LITERASI DI ERA DIGITAL

Zaman seolah bergerak ketika teknologi informasi berkembang makin pesat. Dalam dunia penerbitan, mulia terjadi perubahan media publikasi yang dulu melalui barang cetakan kini mulia beralih ke format digital. E-book digadang-gadang menjadi masa depan buku. Dari fenomena itu kemudian muncul kecemasan bahwa buku mulia menuju kepunahan atau langka karena ancaman kehadiran E-book.

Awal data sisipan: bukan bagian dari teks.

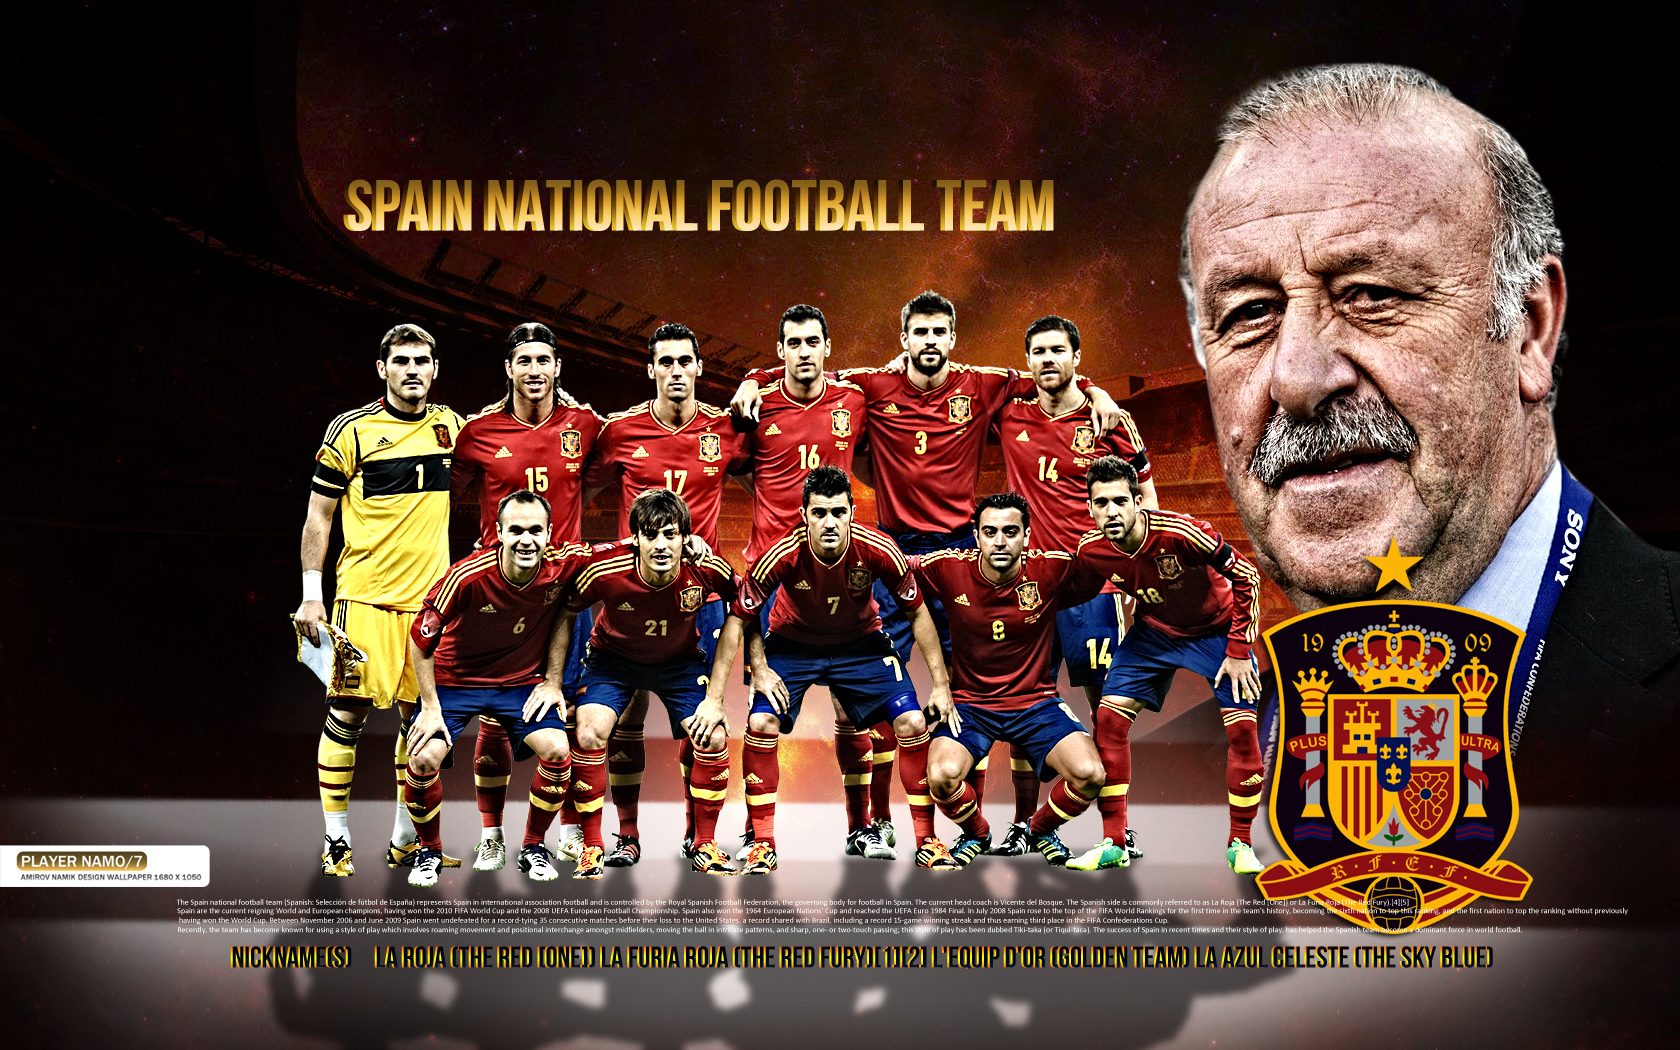 Spain National Football Team Picture by Namik Amirov

Apabila dilihat dari sudut pandang penulis buku, kecemasan itu ada benarnya kerena yang paling pertama mengalami proses digitalisasi adalah penulis. Hampir seluruh penulis di dunia telah menulis dalam format digital. Kalau pun mereka menulis manual, itu dilakukan untuk hal yang singkat, ringkas-ringkasan inspirasi, dan sejenisnya. Sementara hasil akhirnya selalu dalam bentuk digital. Pihak penerbit yang nanti akan memutuskan apakah karya itu di cetak atau tetap dalam bentuk digital ketika dipublikasikan.

Meskipun kecemasan itu ada benarnya, dari sudut pandang pembaca buku kecemasan itu terlampau jauh karena sebagian besar pembaca termasuk penulis buku di dalamnya masih dalam tradisi manual dalam menikmati bacaan. Apa yang membuat para pembaca belum beralih ke e-book faktor kenyamanan dan kebiasaan. Ada yang merasakan nuansa khas ketika membeli buku, meminta tanda tangan penulisnya, mencium bau kertas dan hurufnya, melipat dan mencoret-coret halaman, membawanya dalam pelukan, dan lain sebagainya.

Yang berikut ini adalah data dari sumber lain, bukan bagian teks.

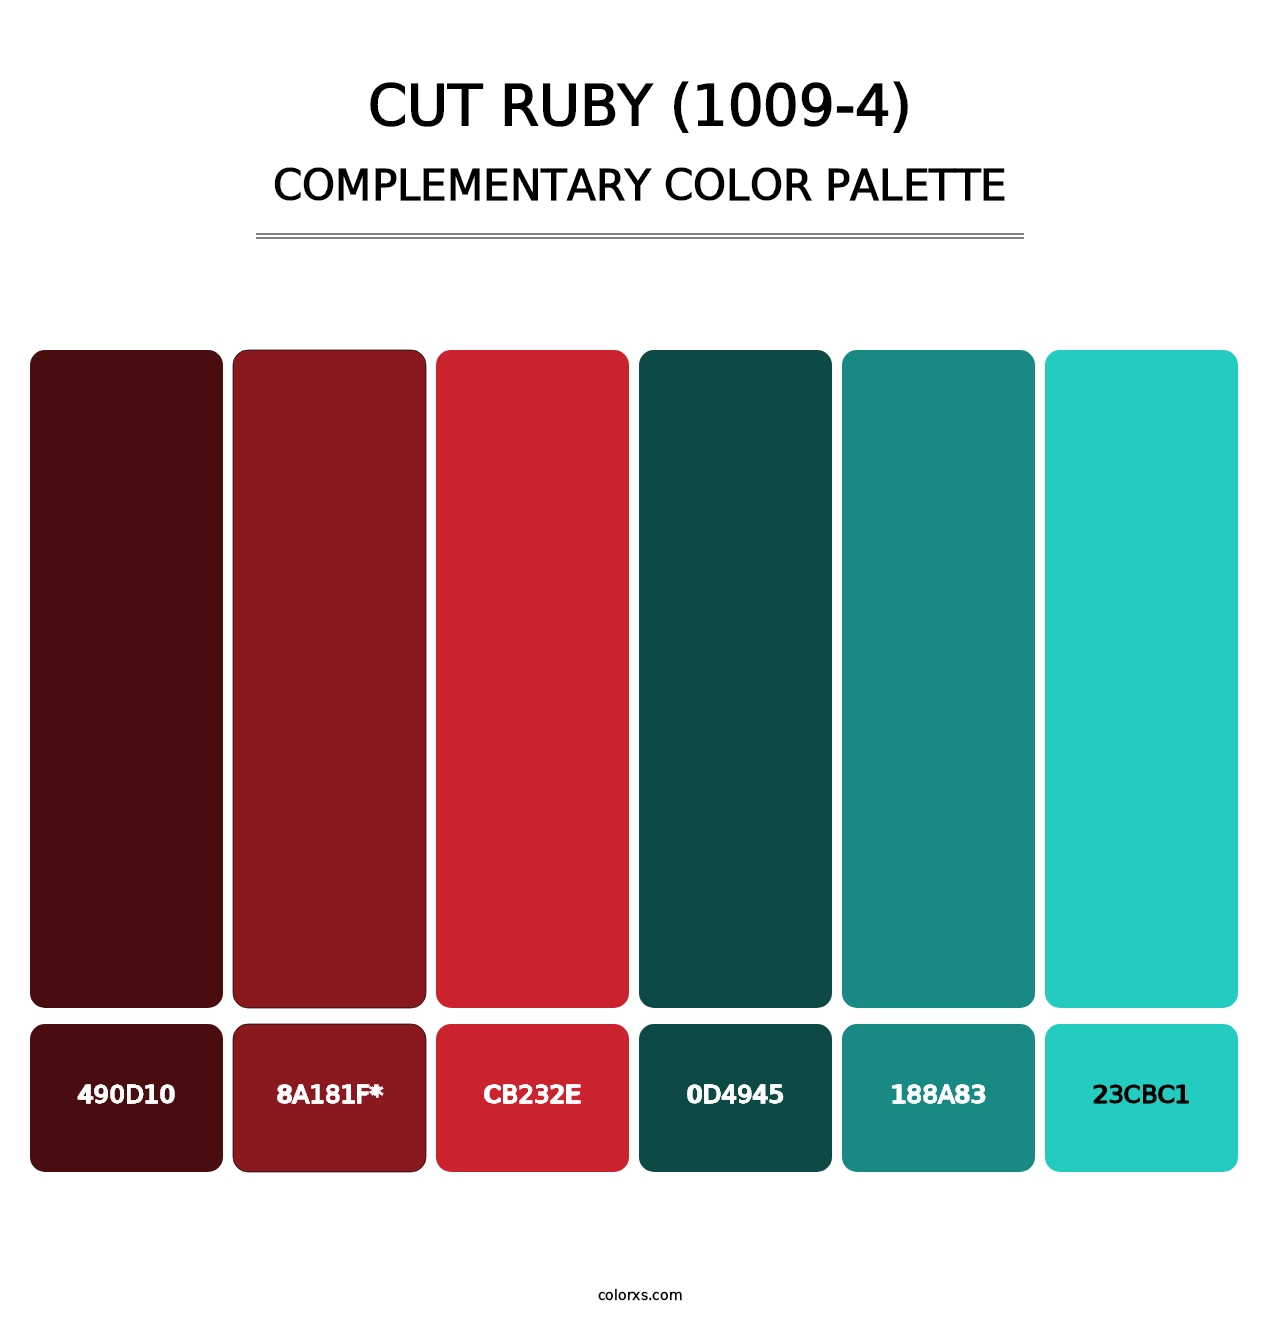 Cut Ruby (1009-4) - Complementary Color Palette

Namun, kita pun tidak dapat menggelakkan mulai tumbuhnya generasi baru yang justru mulai terbiasa membaca di dalam gawai. Dan mereka merasakan kenyamanan ketika jari-jari mereka menyentuh layar sembari mendengarkan musik dari alat yang sama. Generasi baru ini baru kemungkinan besar masih segelintir yang membaca e-book karena lebih banyak yang membaca artikel-artikel ringan. Lagipula, sebagian besar e-book masih merupakan versi kedua dari versi cetaknya. Artinya, masih belum banyak e-book yang murni, yang tidak dicetak sama sekali.

Jadi, apakah benar buku mulai terancam langka atau punah karena kehadiran e-book? Untuk sememtara ini tidak, minimal satu generasi lagi, 15 sampai 25 tahun kemudian, kehadiran buku mulai terancam. Bahkan mungkin era digital akan bergati era apalagi nantinya saya pun tidak tahu. Namun, untuk masa sekarang ini (tulisan ini saya buat) yang mulai terancam justru kehadiran media masa cetak sebab masyarakat mulai lebih suka membaca berita online karena aksesnya lebih mudah dan murah.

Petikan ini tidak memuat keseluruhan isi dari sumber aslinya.